There are many reasons why a person might choose to write and share things. I recently realized that although my reasons all boil down to “I write for myself”, I often hold myself back with self-criticisms that are only relevant if my goal is to write for others.
For example, I’m interested in writing technical blog posts, and the reasons are almost always these: I just learned a new concept and want to articulate how it works so I can solidify my understanding of it. Or I just built a project using an unfamiliar tool and I want to document the process for my own future reference as well as, again, deepening my grasp of it.
That’s basically it. I have no desire to, say, teach others something new, start a side hustle or further my career by producing developer content, or shift the way the tech industry or scholars and researchers think about something.

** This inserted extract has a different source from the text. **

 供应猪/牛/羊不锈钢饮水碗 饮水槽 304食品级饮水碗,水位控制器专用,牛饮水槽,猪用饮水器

Those are valid goals one could have and they largely seem like cool side effects, but they’re not what drive me to want to write.
More broadly, writing is one important way I think and make sense of experiences. It is the case, by choice, that my notes, from class notes to todo lists and journal-like entries, are very scattered across mediums and I don’t use a system to preserve or organize them well. This makes me particularly appreciate when I have a(n at least somewhat) polished, easy-to-find, honest record of what and how I was thinking at a previous moment in time.

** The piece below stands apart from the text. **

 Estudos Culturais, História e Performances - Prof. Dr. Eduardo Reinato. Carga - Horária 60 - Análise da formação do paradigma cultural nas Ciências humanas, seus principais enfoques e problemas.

If I write about a life lesson I learned recently or an opinion I hold, it shouldn’t matter if someone reads it and thinks, “wtf that’s so basic, i already knew that”. It’s not relevant. It also doesn’t matter if someone disagrees. Maybe we could talk about it and one of us changes our minds — taking in new information and adjusting is part of life — but we don’t need to. The important thing is that the idea that someone might disagree shouldn’t stop me from sharing, because I’m sharing to express myself.

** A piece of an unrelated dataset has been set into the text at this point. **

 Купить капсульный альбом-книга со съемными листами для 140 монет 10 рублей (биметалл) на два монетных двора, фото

(In fact, it could be helpful to just always assume that some people will agree with you and some people will disagree. If I take this as a given, I don’t see any obvious changes to make in response, so for me, this assumption is just a nudge in the direction of continuing toward sharing what I intended to share.)
A related observation is that I love reading other people’s life updates. Not necessarily grand, year in review-scale productions, though those are nice too, but just what has happened in the last day or week or two, along with brief, partly-baked thoughts about those happenings, usually on a lowkey blog of some sort. Maybe this is a nosy drive, but that aside, it’s ironic that I’ve struggled to give myself the permission to create and share the exact kind of content I enjoy reading.
I don’t know if these trains of thought help when one is trying to write for others. If your goal is indeed to provide novel ideas, then yeah, if you’re getting feedback that nothing you’re sharing is insightful, you probably want to change something. Maybe I’ll think about that at some point, as I do have aspirations of writing for others (in the relatively far future), but not now.